Moins poussé que dans The Imposter, la question de la vérité et de la manipulation est tout de même bien présente dans MDaD. Il est encore une fois question d'anges cachant des démons, d'illusions et de tour de passe passe, de délires collectifs auxquelles on finirait presque par se raccrocher. Sans jamais avoir recours à des reconstitutions (un exercice pernicieux et en même temps maladroit que TI a su relever car l'exploitant au maximum) mais avec une énorme batterie d'image d'archives, le film interroge et dérange. Comment autant de gens peuvent être bernés par une seule personne ? "Si c'était moi je l'aurais forcement vu" se dit-on, et pourtant les faits sont là. Ce scénario digne des meilleurs films de David Fincher se déroule devant nos yeux ébahis sans jamais juger ou prendre parti pour l'une des deux femmes. Les prises de positions viennent uniquement des témoins, de la famille, des professionnelles qui racontent leur versions des faits, leur regrets de n'avoir rien vu plus tôt, leur colère de s'être fait avoir si facilement. Ma seule déception est alors de ne pas avoir comme dans TI une évolution de la narration et des ressentis des intervenants. En effet le film de 2012 commençait par raconter la réalité comme elle a été perçue au début des faits avant de finir dans une introspection malheureuse de ces même évènements vu sous le prisme cette fois-ci de la vérité telle qu'on la connaît et pas telle que vécu.

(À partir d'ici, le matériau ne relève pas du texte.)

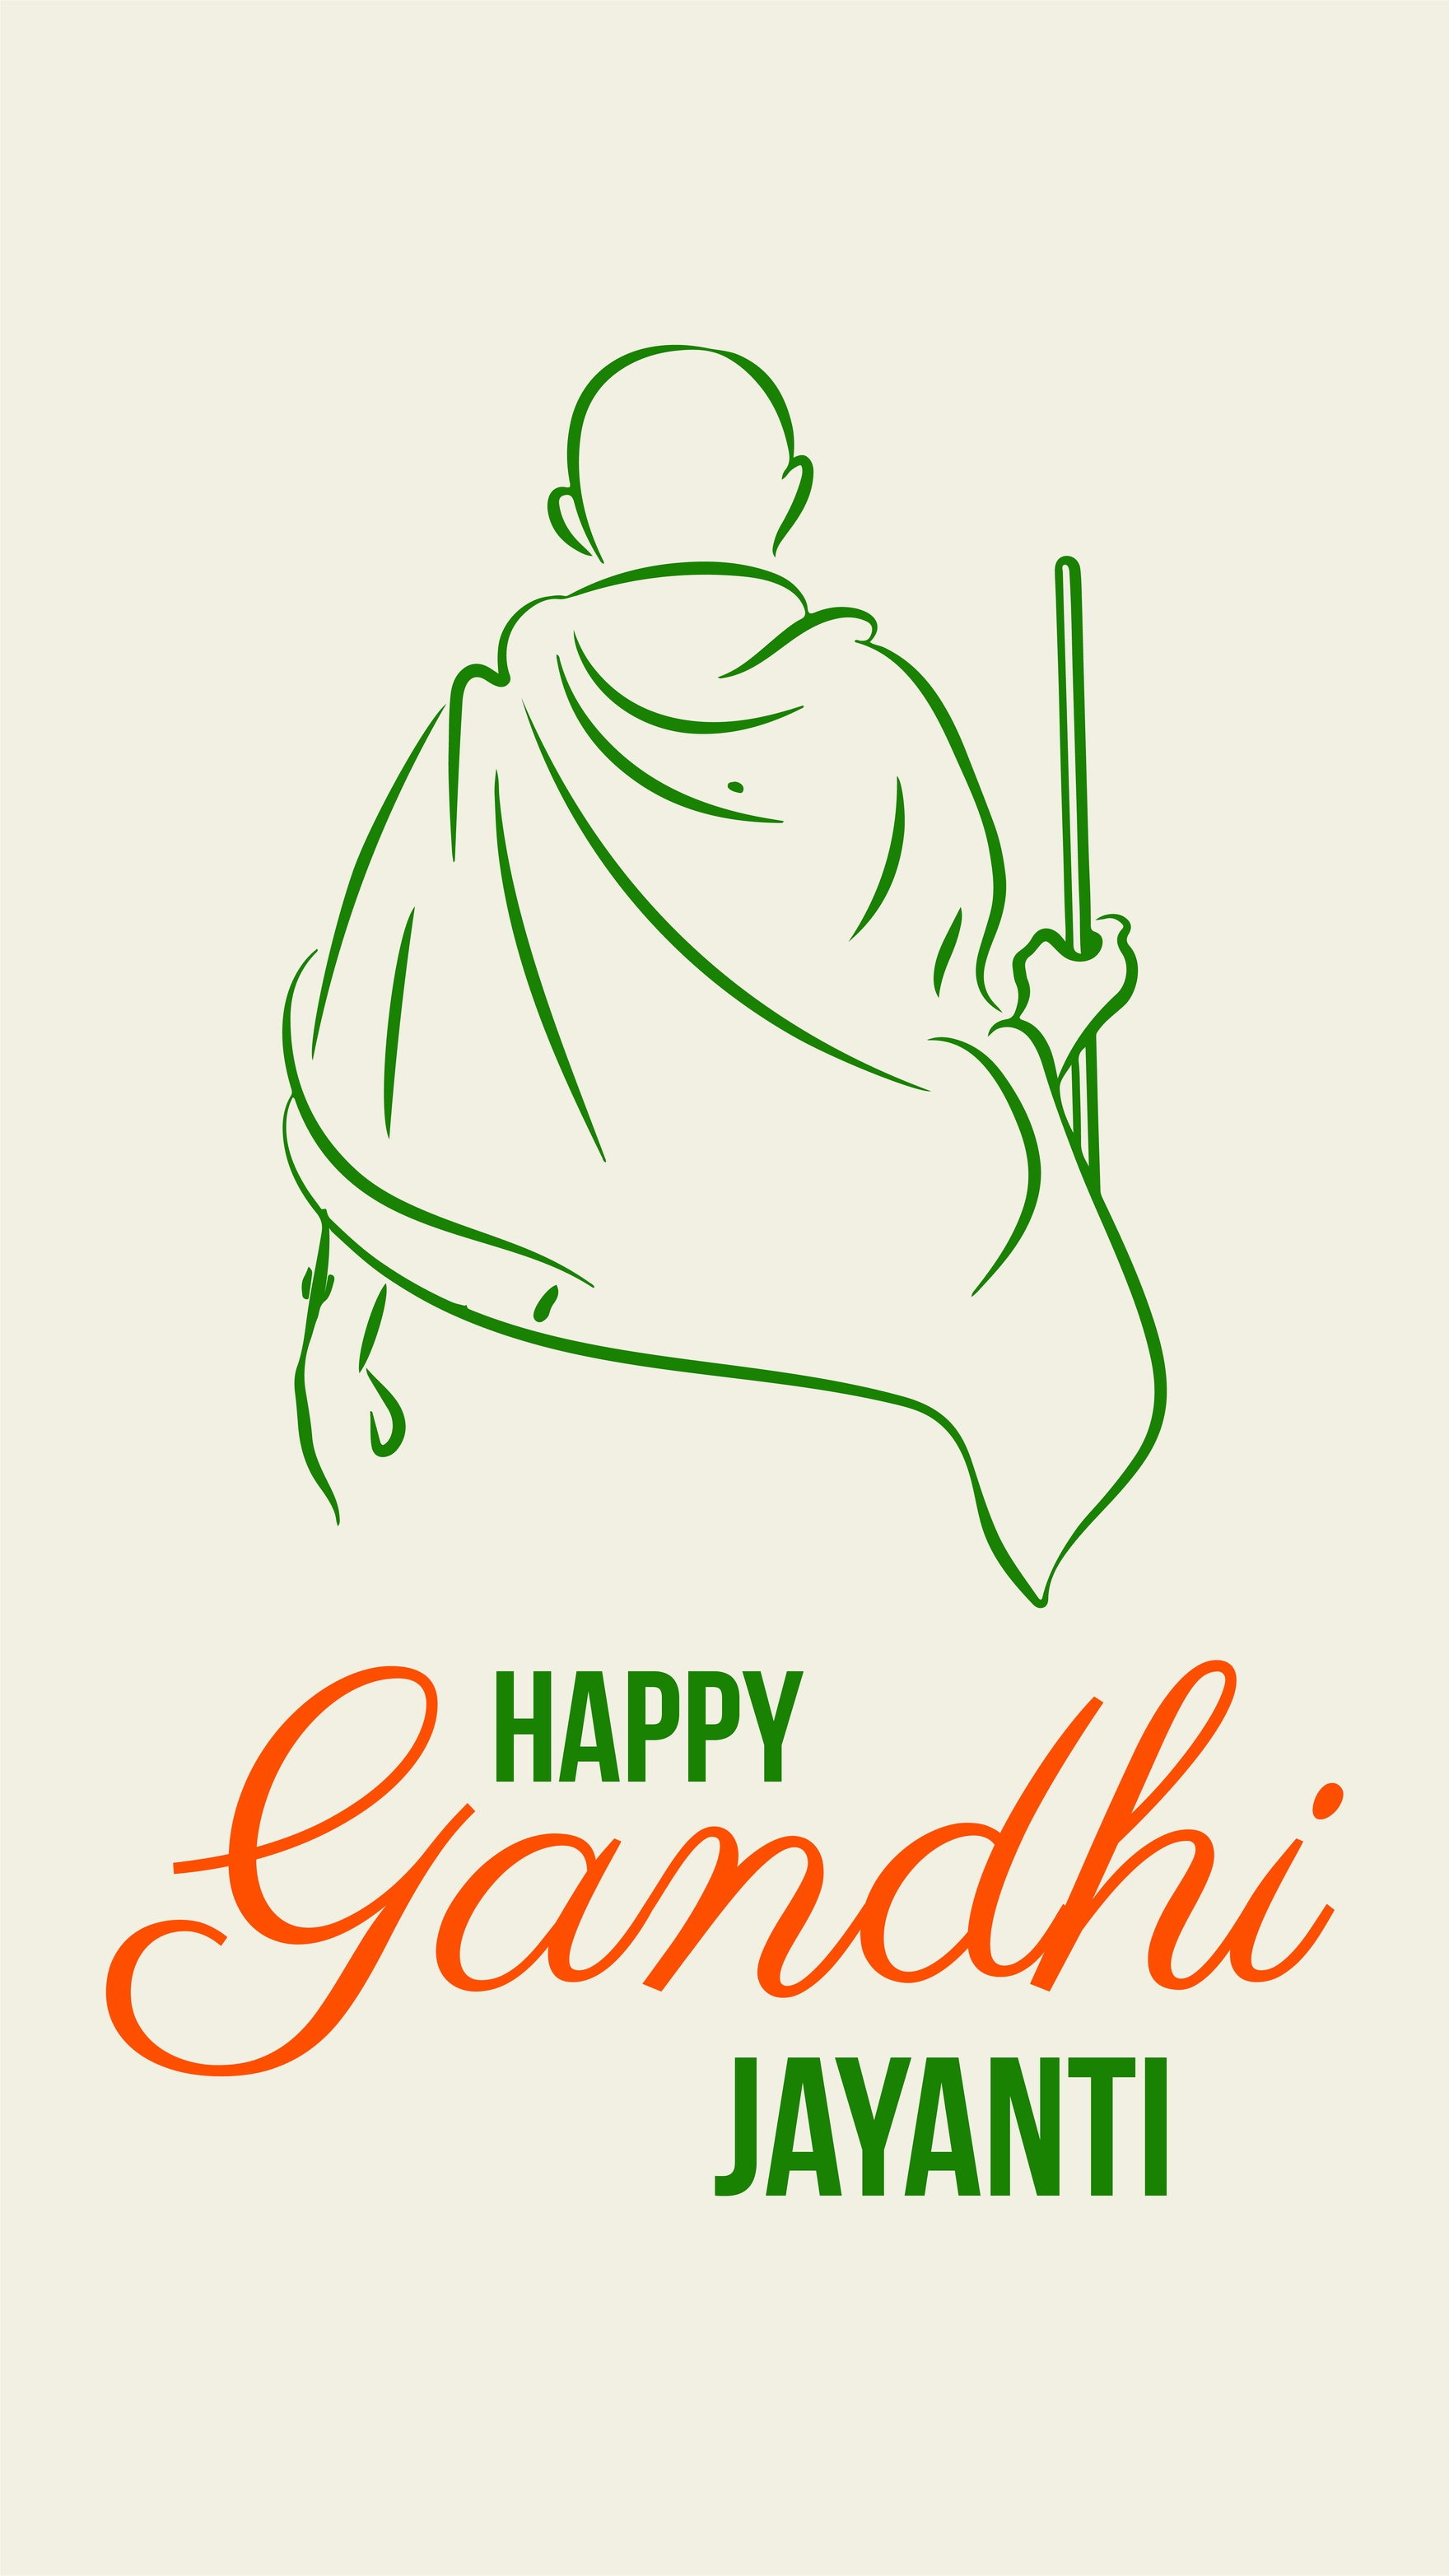 Gandhi Jayanti iPhone Background

MDaD mélange un peu tout ça, tout le temps. Très vite le subterfuge nous saute au visage quand ensuite le documentaire revient sur les doux moments passés entre la mère et sa famille, les mensonges, le crime, l'enfance en otage, une vie derrière les barreaux. Après tout c'est un parti pris et refaire la même chose que TI n'aurait pas forcement été bien. Et surtout ici, l'imposteur en question n'est plus, et la faute semble être toute autre.

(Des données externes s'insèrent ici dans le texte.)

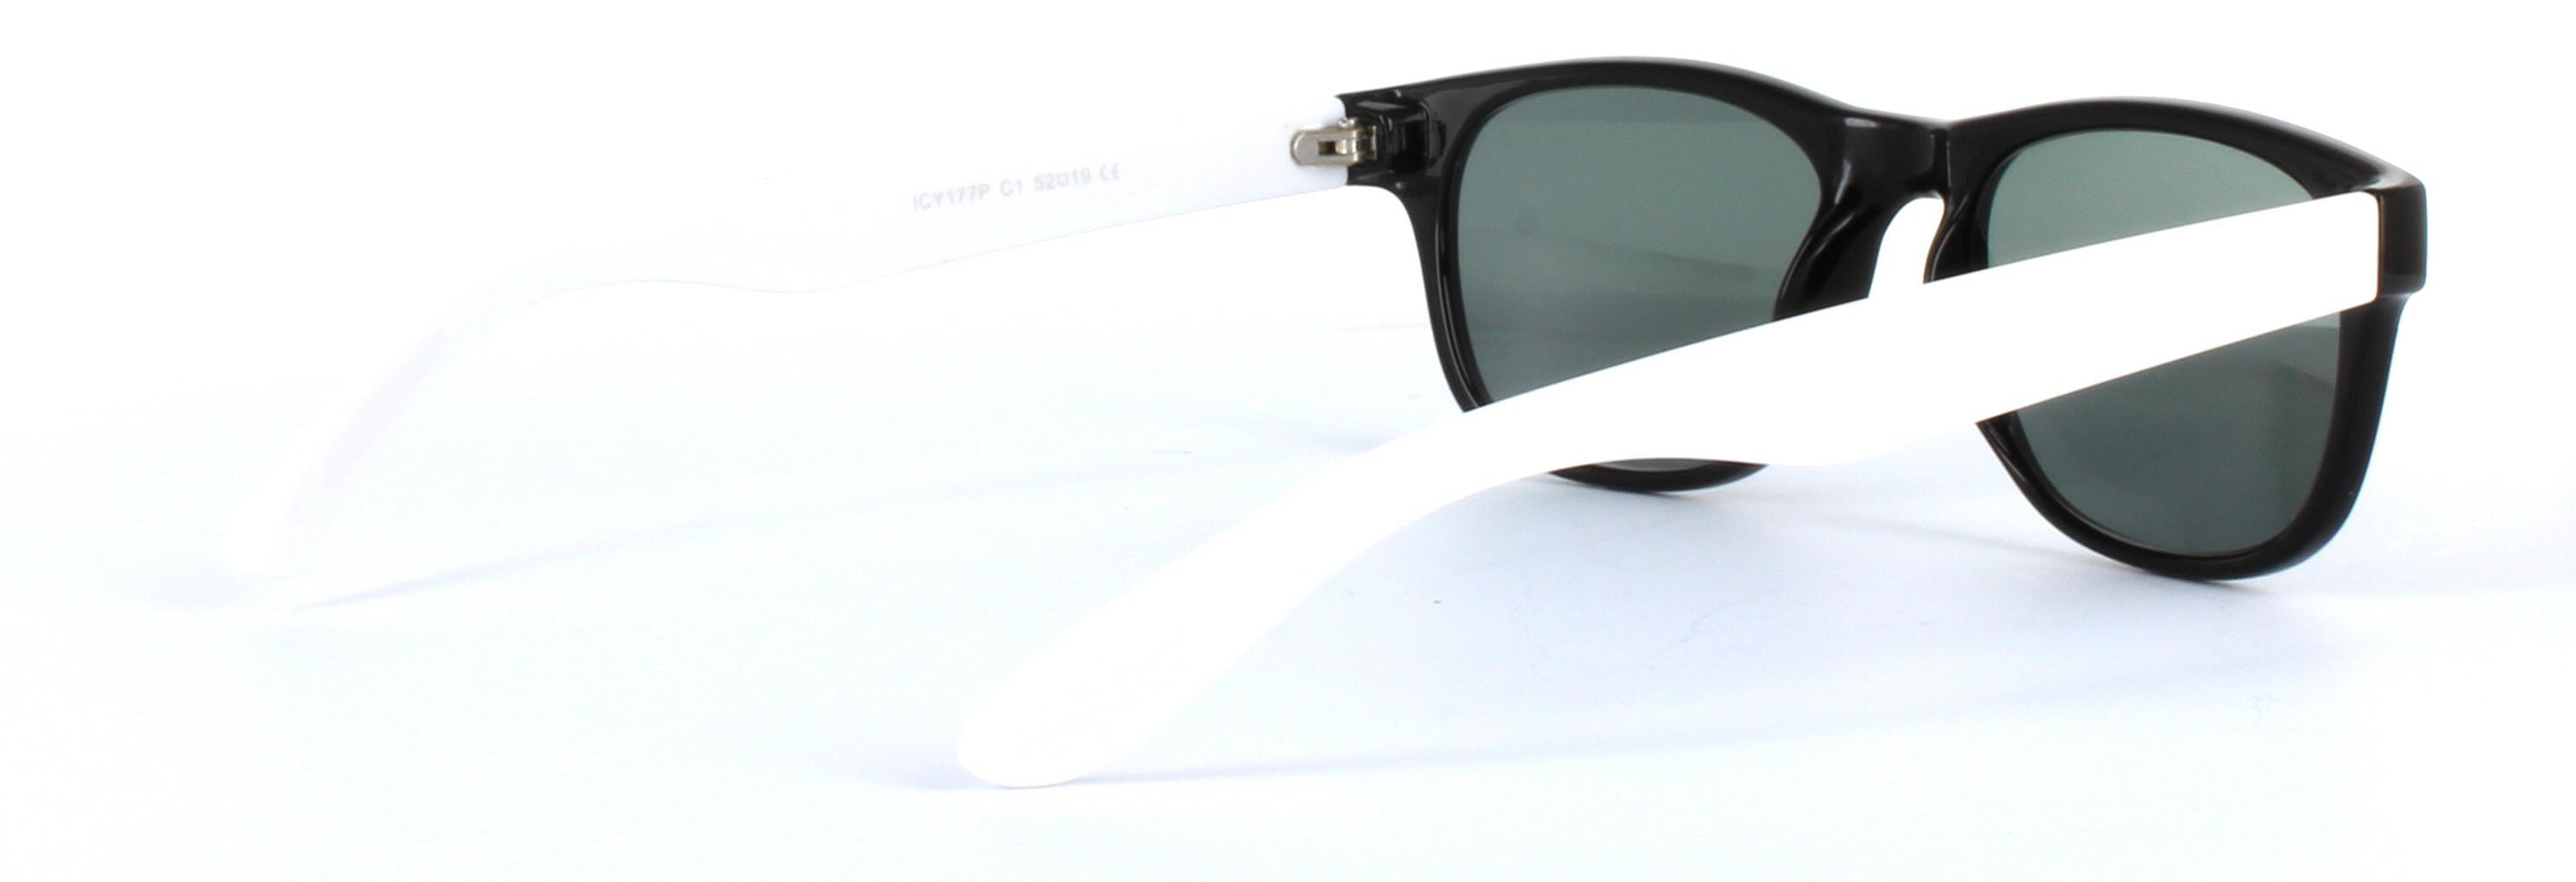 Brazil Black and White Full Rim Oval Plastic Sunglasses - Image View 4

Car plus que la question de la duperie, c'est le meurtre qui prend une place prédominante dans l'intrigue. Ses origines, son déroulé, ses conséquences. Sa légitimité. Dur de ressortir au bout de cette heure et demie avec un avis définitif sur les coupables, les innocents, la morale et la justice de cette histoire.
Mais il n'empêche que mon ressenti sur Compliance se confirme, et que ce dernier aurait du tout autant ne pas se priver du format documentaire (même si plus difficile à traiter sans preuves visuelles). Car MDaD transpire avant tout d'une sincérité folle. Quand bien même le long métrage joue avec nos nerfs et nos certitudes, la galerie d'intervenants n'en reste pas moins touchante, authentique et haute en couleurs. Gypsy est tellement complexe à cerner, son copain en particulier lors de l'interrogatoire est déconcertant et même le père de la jeune fille arrive à nous émouvoir tant il semble dépasser par les évènements.

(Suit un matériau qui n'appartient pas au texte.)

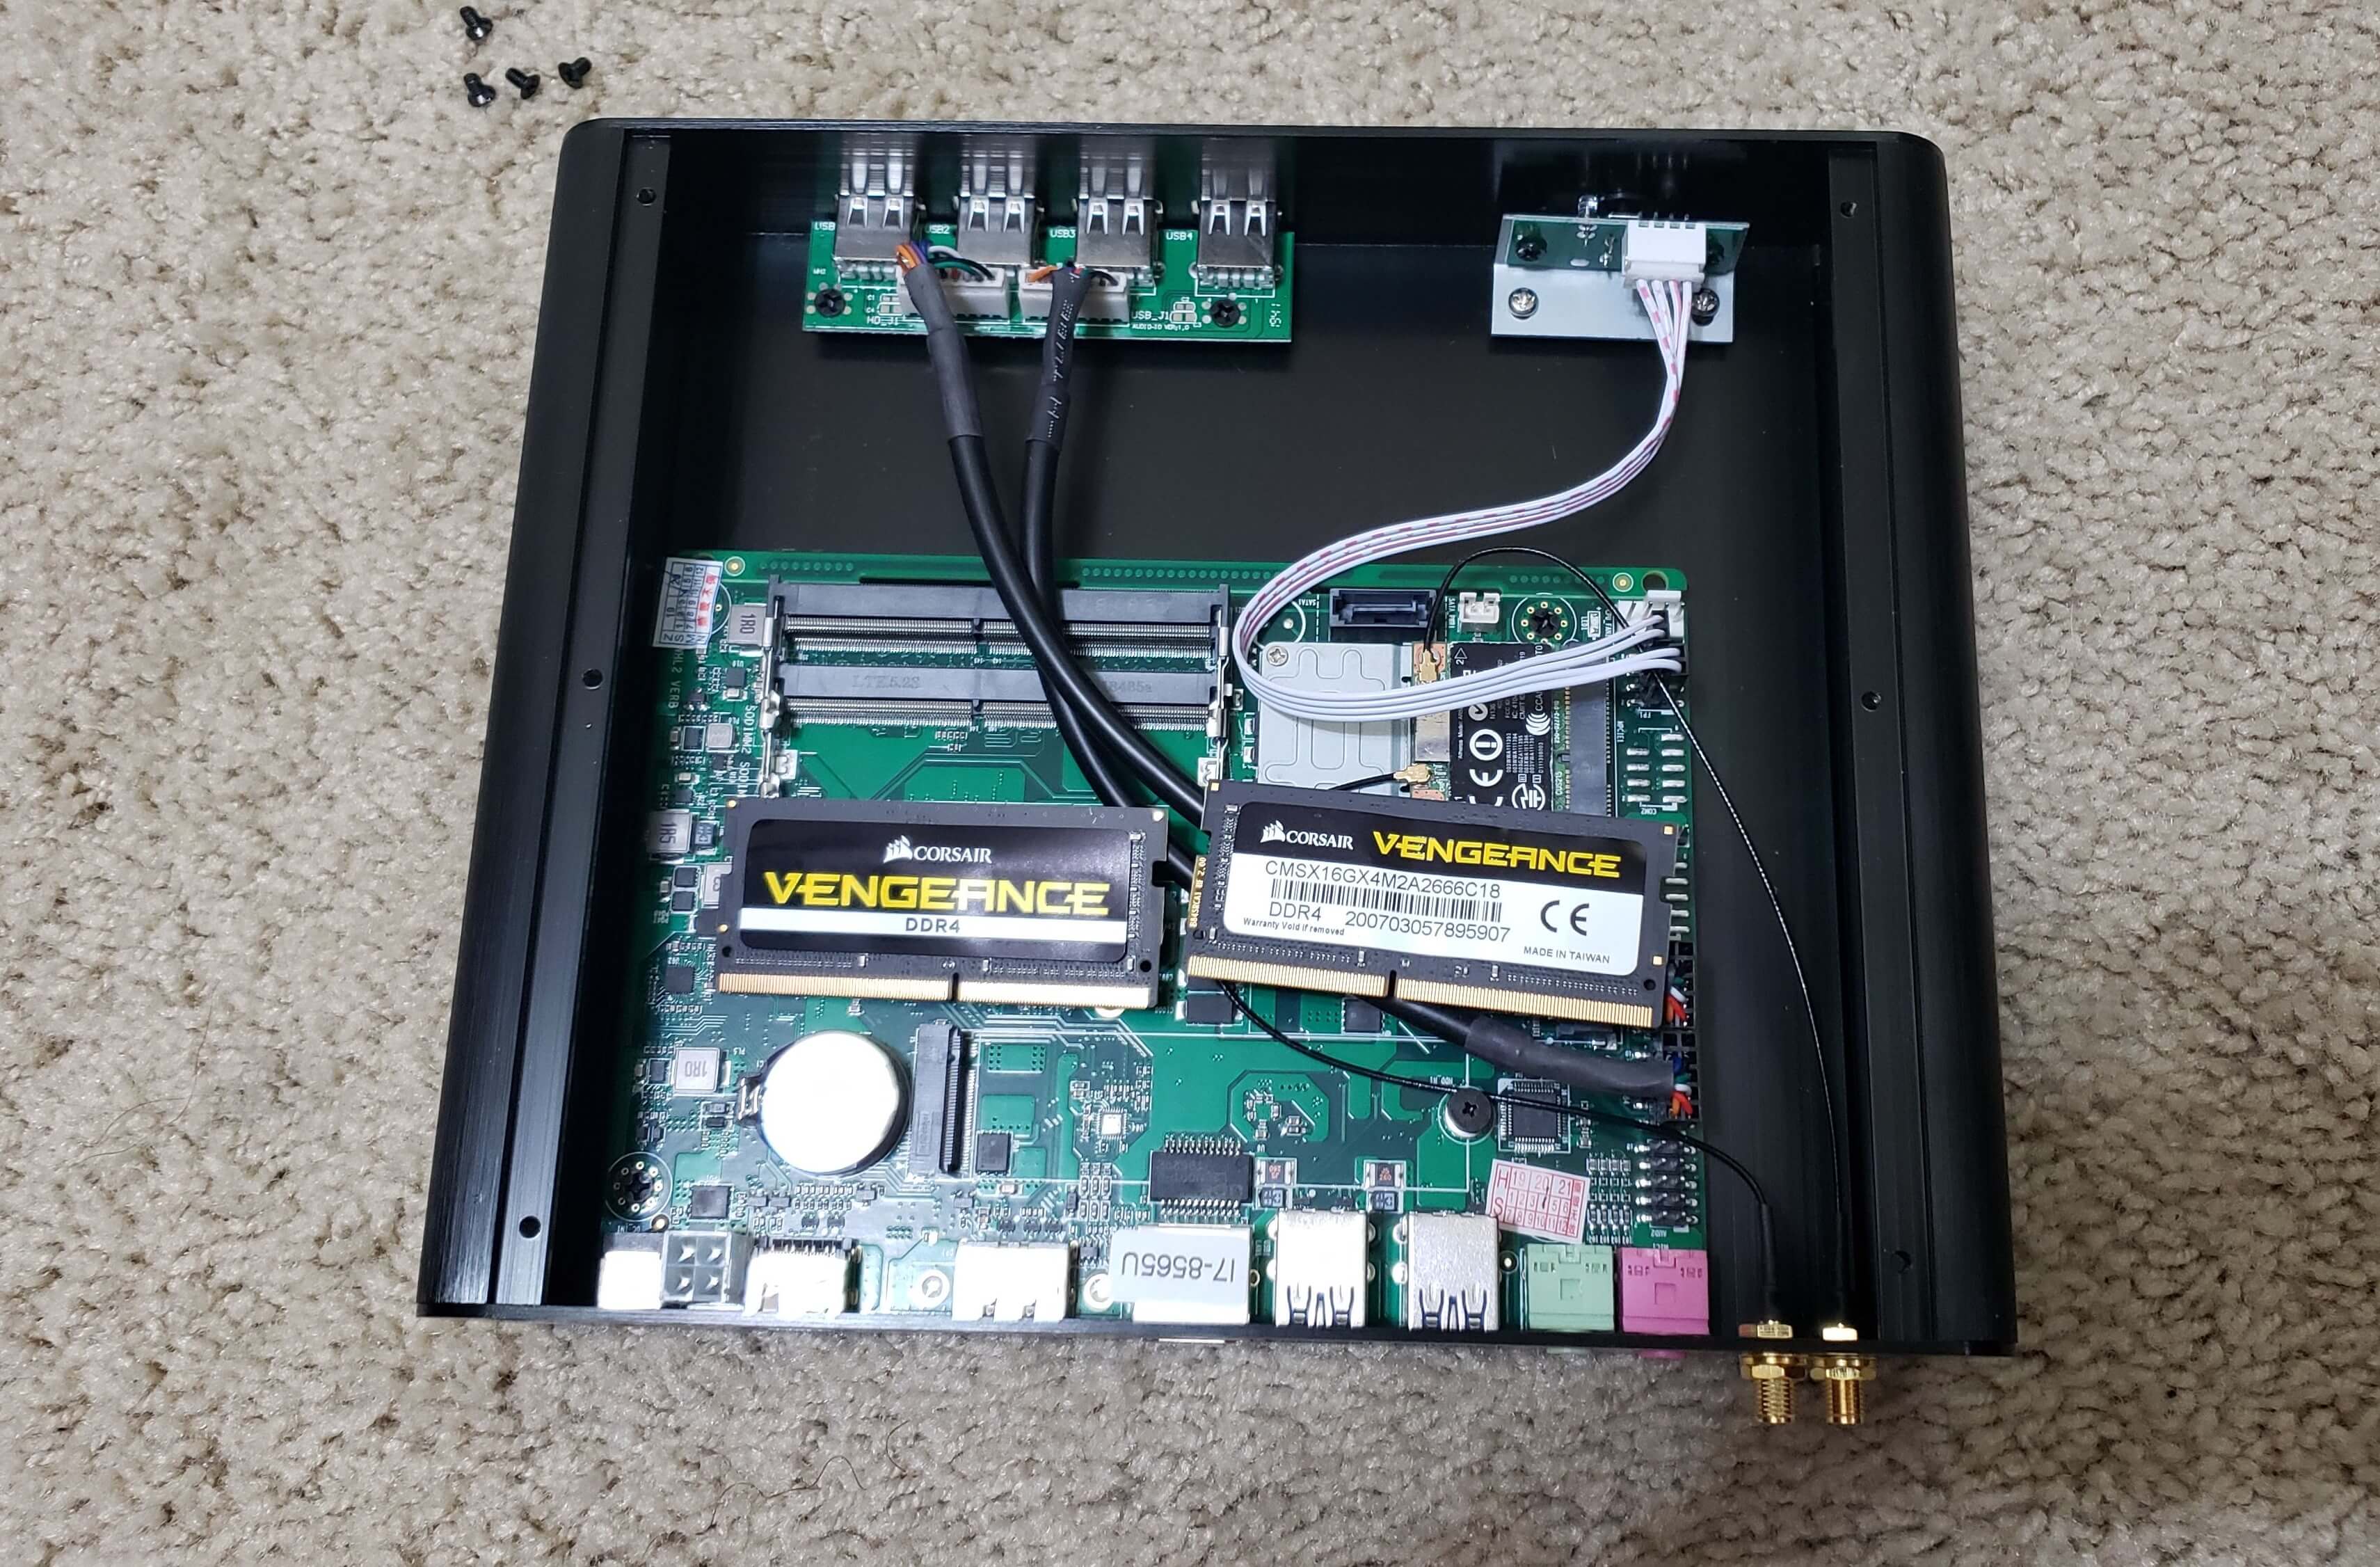 Mini PC unboxed

Je reviens d'ailleurs juste sur la scène de fin qui m'a un peu gêné
Le film rattrape alors la vraie temporalité avec le père allant voir sa fille après l'annonce des 10 ans de prisons pour celle-ci (on est alors en 2016 et elle sortira normalement à ses 32 ans) et soudainement l'image prend un côté TV réalité. Ça fait sens avec ce qu'on nous montre donc à savoir un père qui réconforte sa fille qui voit une nouvelle partie de sa vie briser mais je trouve toujours ce genre de manière de filmer un peu putassière surtout après avoir eu 1h10 de cadrages et de mise en scènes très classique et effacé. N'empêche que de voir Gypsy affirmer que sa vie sera meilleure en prison puis au final la voir simplement pleurer dans les bras de son père parce qu'elle ne veut pas y aller pour les 10 prochaines années à venir, ça a quelque chose de bouleversant, peu importe comment vous filmer ça.
Encore une fois c'est de la facilité mais ce genre de films a bien peu à faire tant le matériau de base est fertile. Le genre d'histoire qui réveille notre curiosité macabre et notre fascination pour le côté sombre de l'âme humaine. A moins que justement non, ce ne soit ce qu'il peut y avoir de plus bon en nous malgré tout ce qu'il peut nous arriver qui est au centre de Mommy Dead and Dearest.